Limitations & Future Work¶
- The 7B version yields lower segmentation quality than the 3B on PixelQA (\(\mathcal{J}\&\mathcal{F}\): 44.6 vs. 60.9), suggesting potential degradation of segmentation capability at larger scale.
- The reasoning segmentation dataset (ReasonSeg) contains only 239 samples, making it susceptible to being dominated by large-scale data during joint training.

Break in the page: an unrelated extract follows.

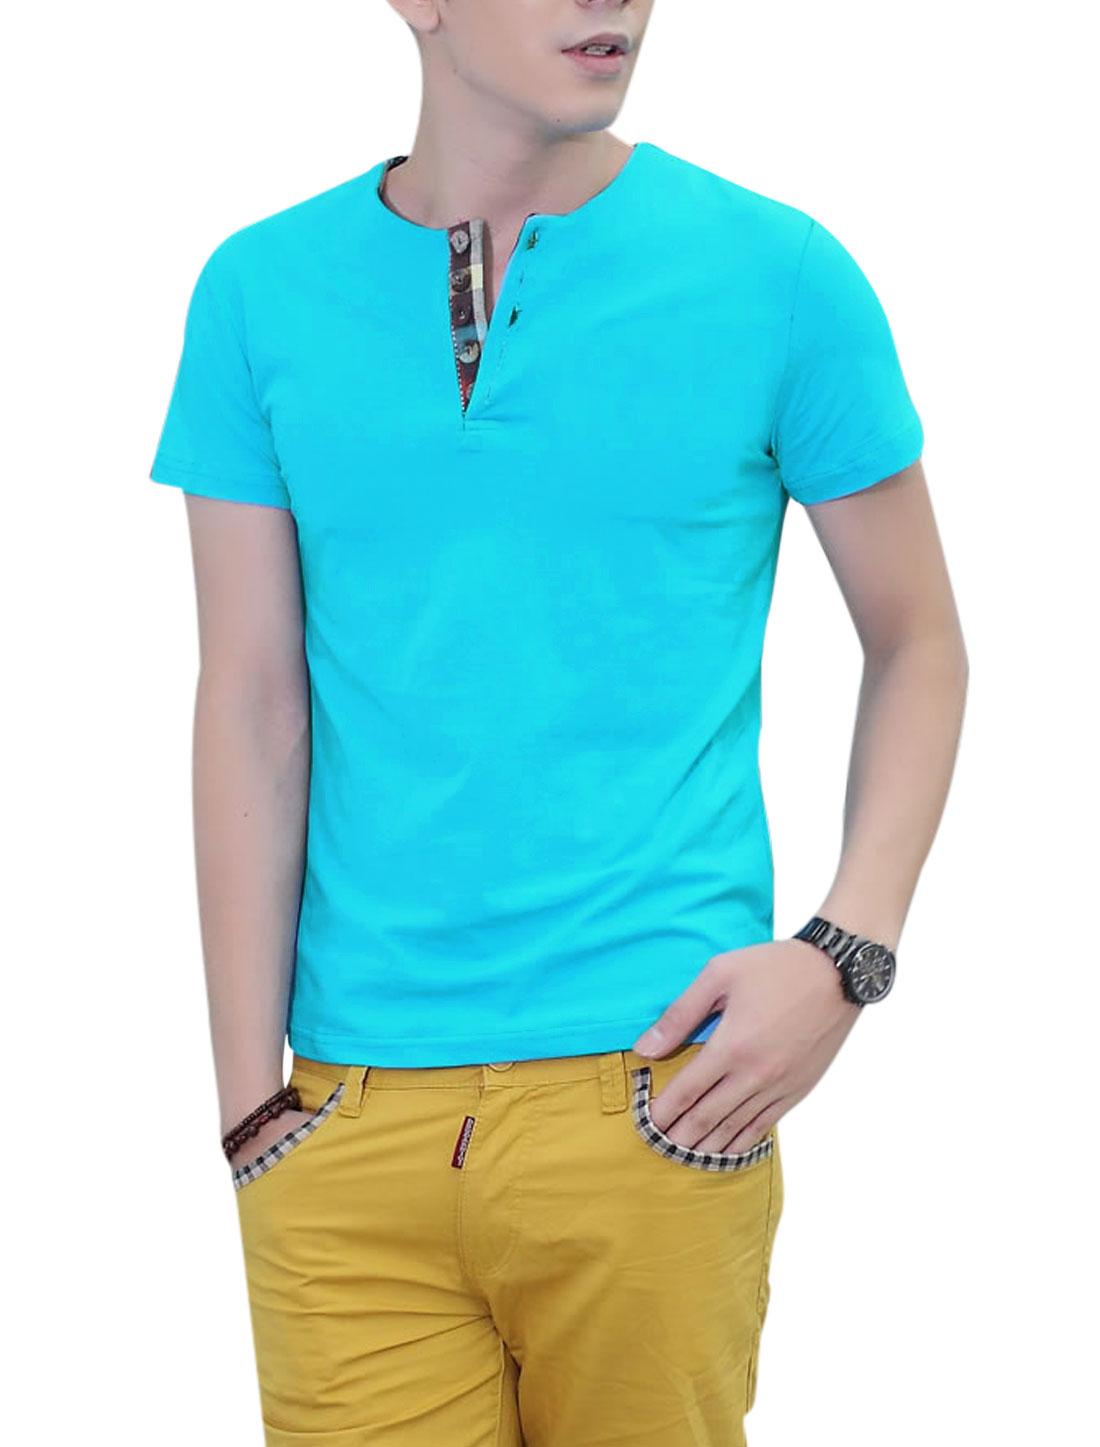 Round Neck Short Sleeve 1/4 Placket Soft T-Shirt for Men Sky Blue L
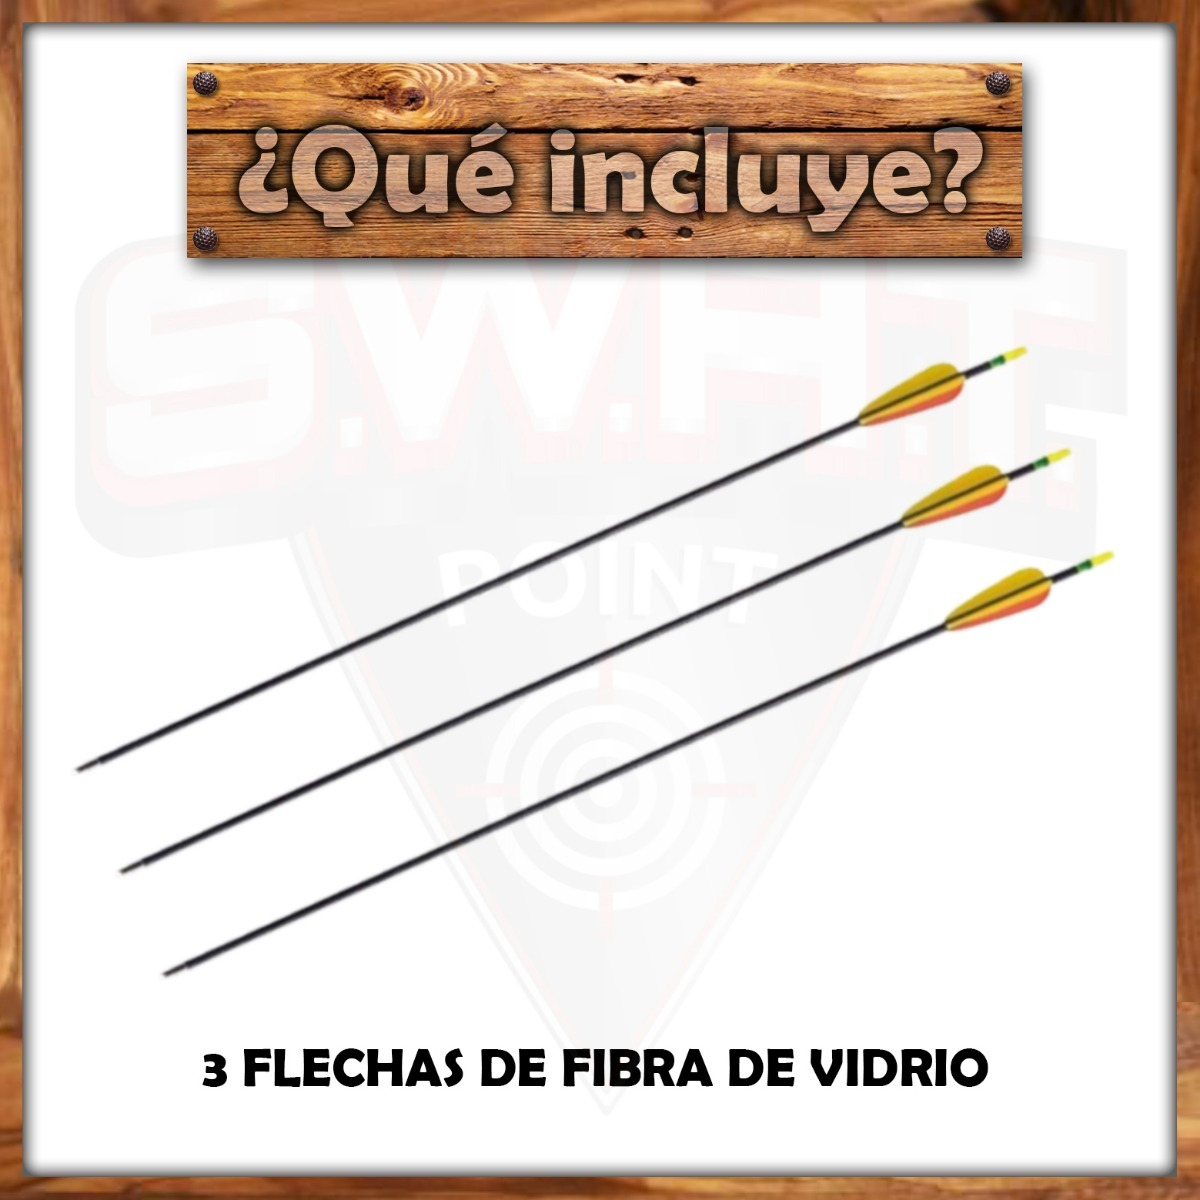 Arco Recurvo Profesional Prana Td4 Olímpico 3 Flechas Fibra

- Mask propagation relies on SAM 2.1, and robustness to extreme motion or occlusion is bounded by this external module.
Related Work & Insights¶
- Compared to LISA (which pioneered the LMM-driven segmentation paradigm), UniPixel unifies referring and segmentation, avoiding rigid templates.
- Compared to Sa2VA (which also uses a SAM2 decoder), UniPixel's Object Memory Bank provides stronger object-aware capabilities.
- The pre-filling–injection mechanism of the Object Memory Bank is generalizable to other multimodal tasks requiring object-level reasoning.
Rating¶
- Novelty: ⭐⭐⭐⭐⭐ The Object Memory Bank design is highly original; the PixelQA task definition is forward-looking.
- Experimental Thoroughness: ⭐⭐⭐⭐⭐ Comprehensive coverage across 10 benchmarks and 9 tasks, with detailed ablations.
- Writing Quality: ⭐⭐⭐⭐ Well-structured with a problem-driven narrative style.
- Value: ⭐⭐⭐⭐⭐ The unified framework has broad applicability; PixelQA opens a new research direction.